Postby bobbymo » Fri Sep 29, 2017 9:55 am

I also use Wunderground Radar and the NOAA NHC. I have two Wunderground stations close by and they have been very accurate. I also use 2 of the NOAA Tides & Currents stations that give pinpoint data. These have all been very accurate and use the most major radar sources in the area.
I stayed aboard for Matthew and for Irma. Judging by all the area damage, power outs, and flooding, I have to say that I really was better off on the boat, plus I would not have been able to get back to the boat had I left. No trees fell on the marina.
My generator was fully operational and apparently I had "Certifiable" tied and fendered very well. Lucky yes, but prepared.
The only issue here was the storm surge and higher tides; but once the winds shifted, we were all relieved.

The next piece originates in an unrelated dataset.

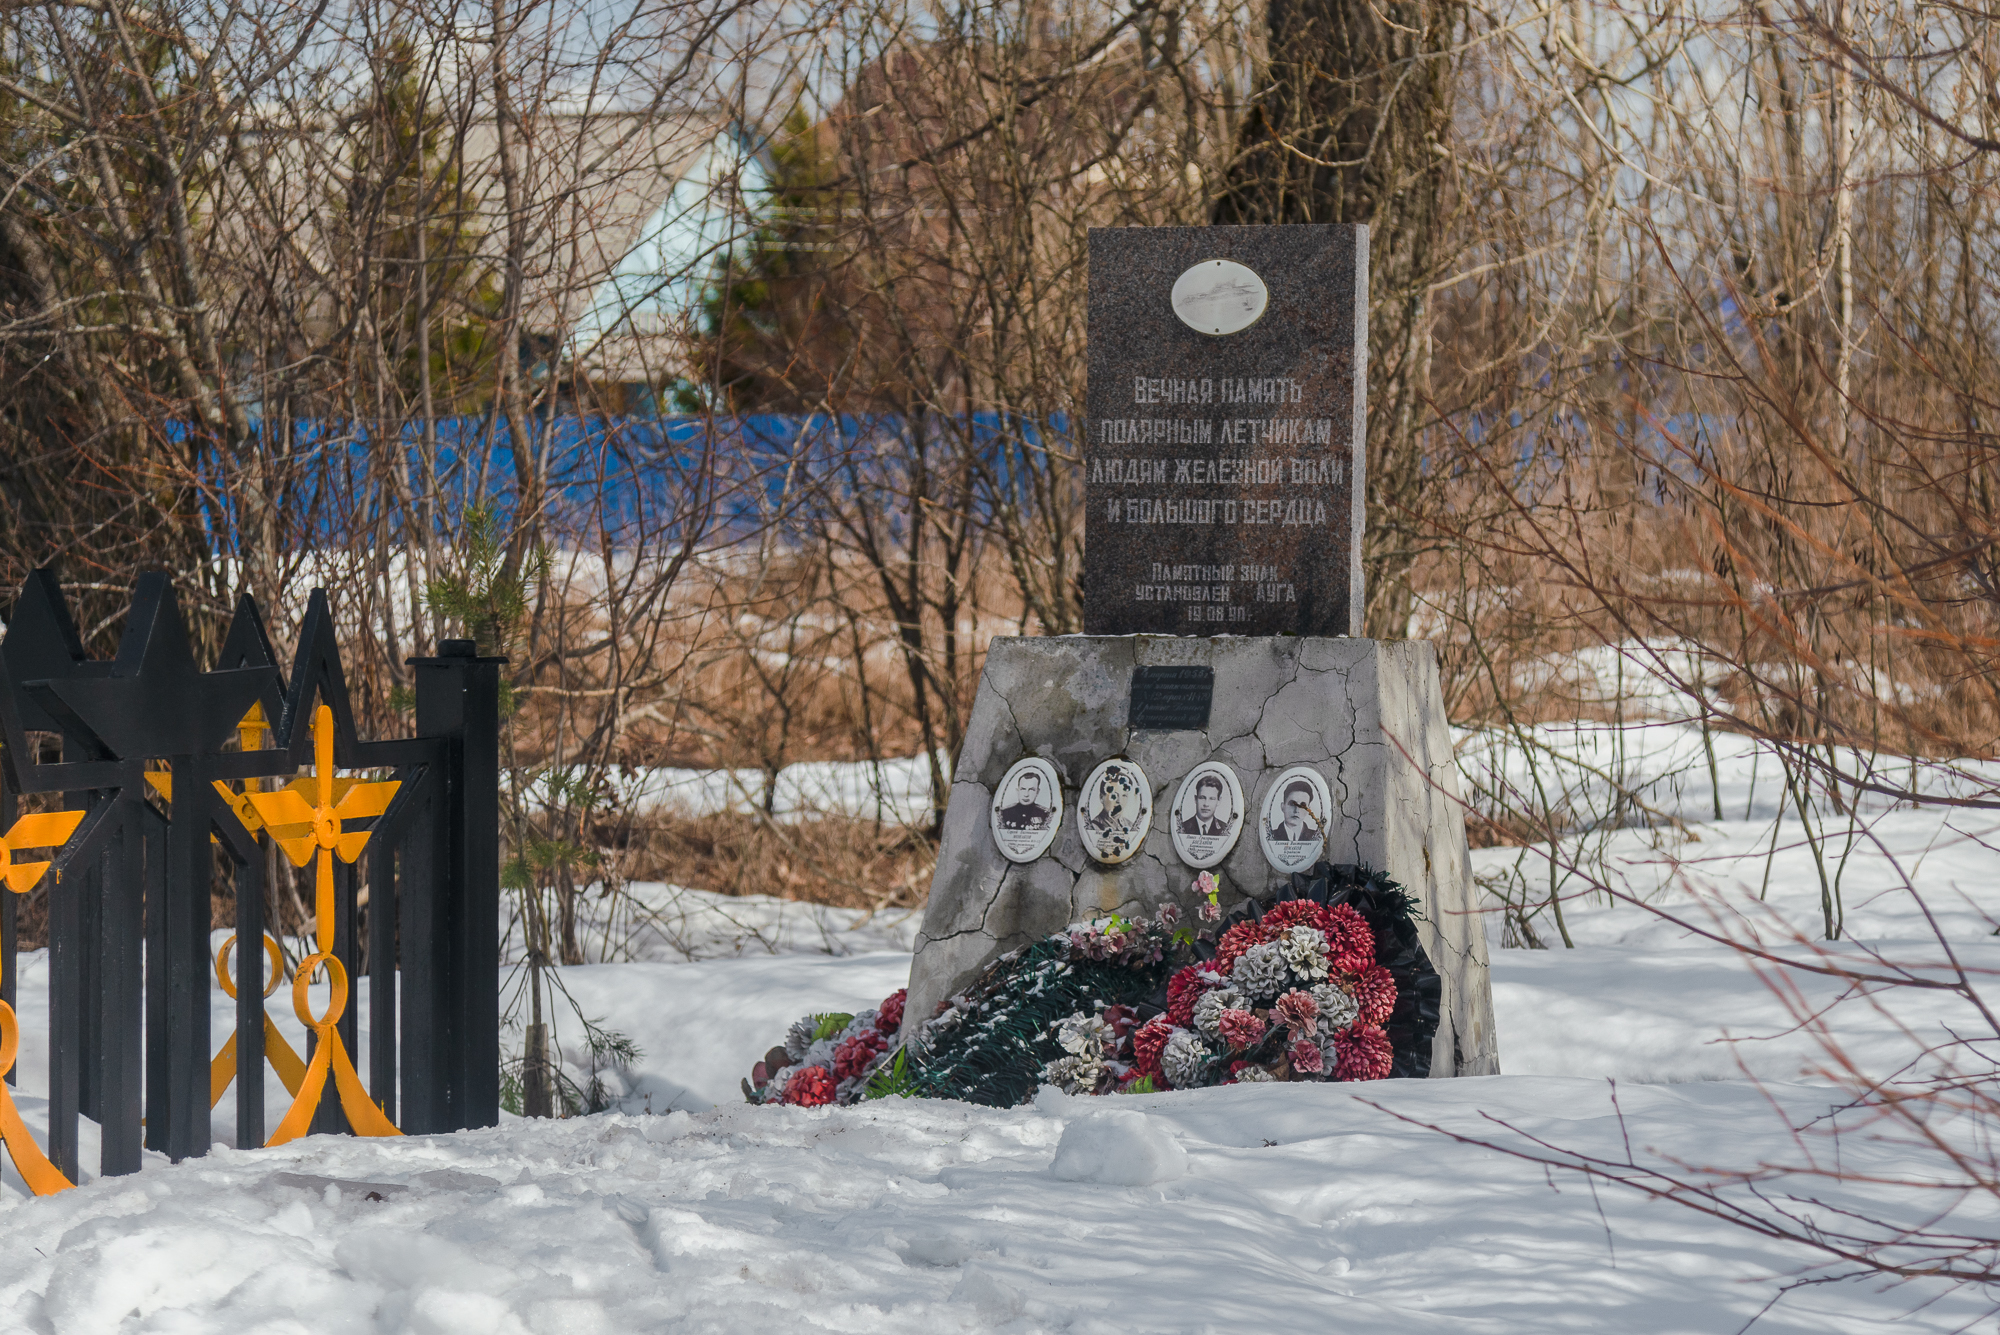 Татьяна вместе с классом прибирала территорию около этого памятника. Он посвящен памяти тех летчиков, которые во время Великой Отечественной войны базировались на местном аэродроме

I stopped watching the local news and even the Weather Channel. I find my sources to be much more accurate, and without all the multi-colored spaghetti charts and storm hype. I know they don't want to be caught short, but it seems that the reality of the storm has always been different than their personality shows.

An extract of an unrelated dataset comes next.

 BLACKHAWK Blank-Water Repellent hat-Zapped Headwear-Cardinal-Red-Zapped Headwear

Irma was particularly bad because all of the Western FL people thought she was going to turn North along the Eastern coast. So when Irma turned for the Western Coast, the folks over there had to deal with the already jammed roads leading out of Florida.
I leave all my canvas on and cushioned the eisenglas with a bunch of lines and throw pillows. Survived both storms. I think the boat was more aerodynamic, but then, we are also in a very good hurricane hole here. Irma's winds topped around 70 mph.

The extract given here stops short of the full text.